As my play, “Woman on the Scarlet Beast,” goes public, there’s another role my director is about to assume: becoming a mother. If the baby reads the calendar, it should arrive soon after the play ends. I’m hoping it is a well-behaved child and won’t arrive before it is scheduled. In any case, I’m wondering if my director is braced for the dramatic changes about to take place in her life. Till now, theater has consumed her. How will she cope with a new actor on stage? Beautifully, I’m sure but some of her old life’s intensity is bound to pale.
While biology isn’t destiny, motherhood is a role most of women embrace with joy — that according to research done in an effort to discover why fewer women enter studies in science, technology, engineering or math (STEM). A report, published in the Jan/Feb 2015 issue of Scientific American Mind, shows that neither ability nor social bias lies at the heart of the deficit. (Women in Science: The Path To Progress” by Stephen J. Ceci, Donna K. Ginther, Shulamit Kahn and Wendy M. Williams, Scientific American Mind, Jan/Feb. 2015 pgs. 62-69)

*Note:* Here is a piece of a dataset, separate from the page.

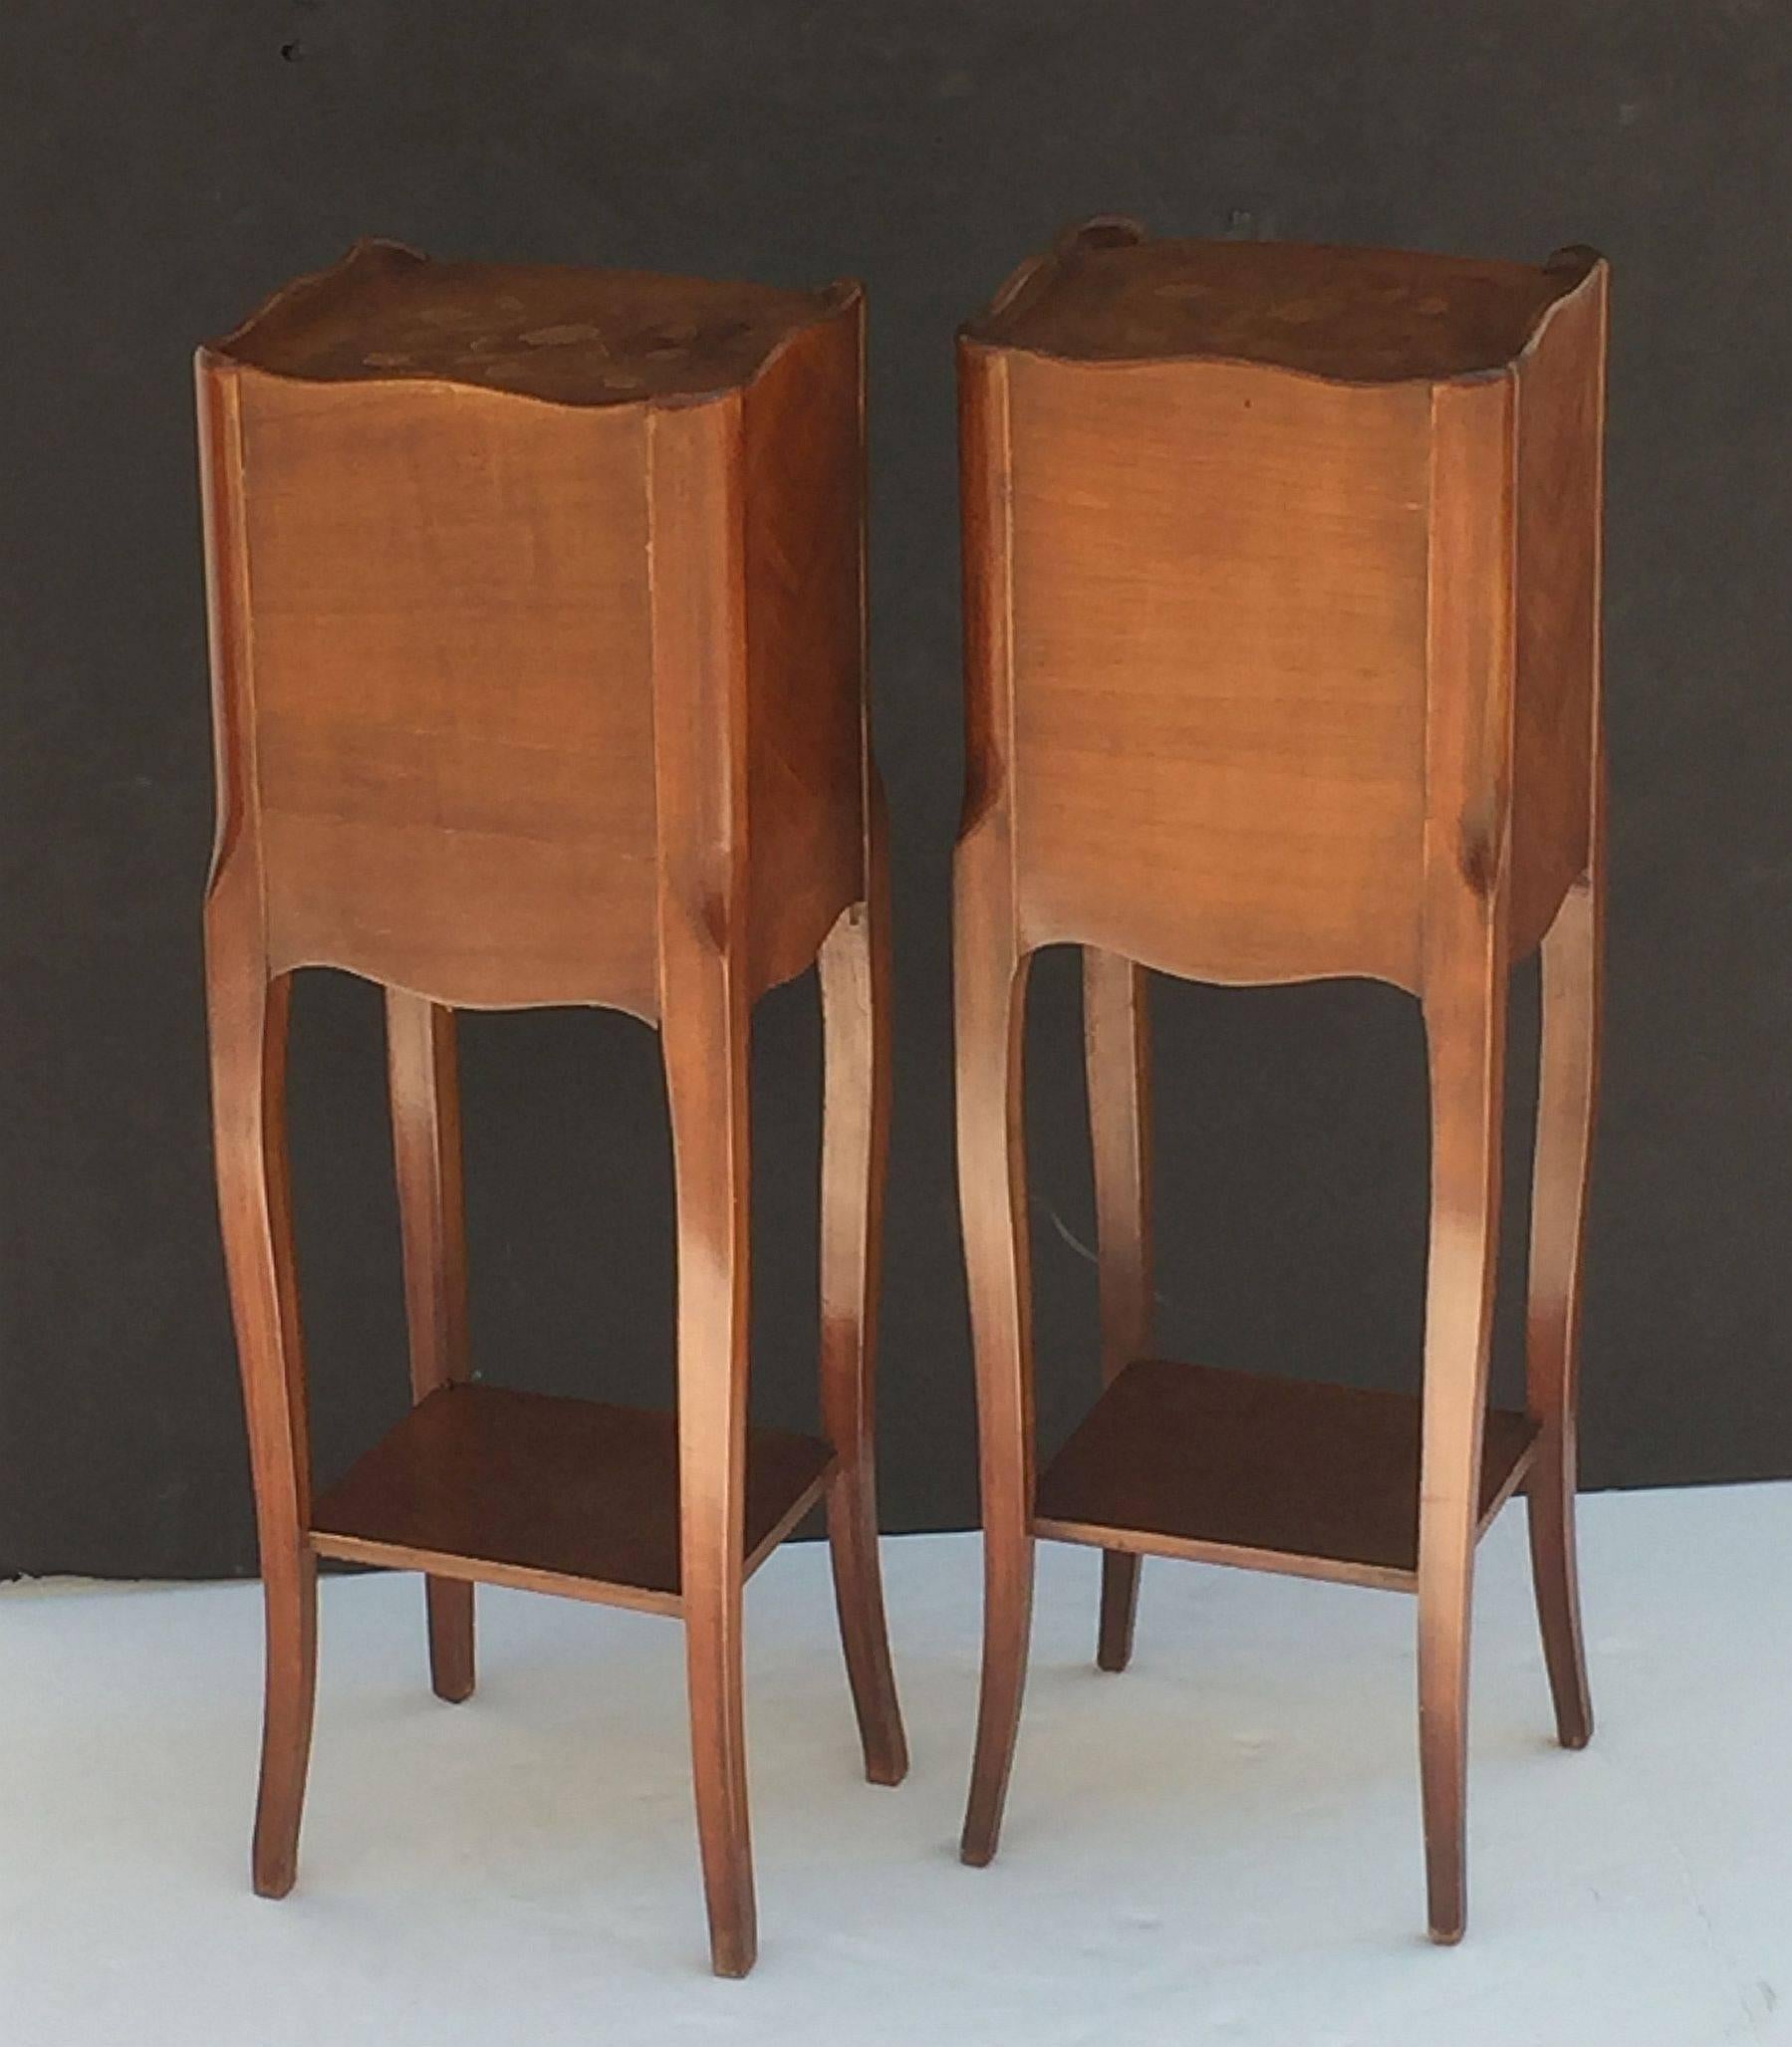 20th Century Pair of French Inlaid Nightstands or Bedside Tables

One reason for the dearth in STEM studies may be that women, being more motivated than men to earn high grades, tend to avoid classes that may lower their academic standing. (Ibid pg. 65.) Also, women seem to prefer people-oriented professions. (Ibid pg. 65) Having few women role models in STEM fields may also discourage enrollment. (Ibid pg. 65) But the most significant barrier could be the competitive nature of the work. Those in STEM fields are expected to do extensive research and produce a steady stream of papers, tasks which make raising a child difficult. If forced to chose between a career and their infants, women tend to chose their family. (Ibid pg. 69)
As factors that deter women from STEM studies become better known, the disciplines may learn to accommodate women’s employment needs. Some change is already at hand, flexible hours and the ability to work at home, for example. More change is likely to follow. In the meantime, it’s important to underscore that woman don’t lag behind men in the STEM studies because they lack aptitude. They are simply making a choice.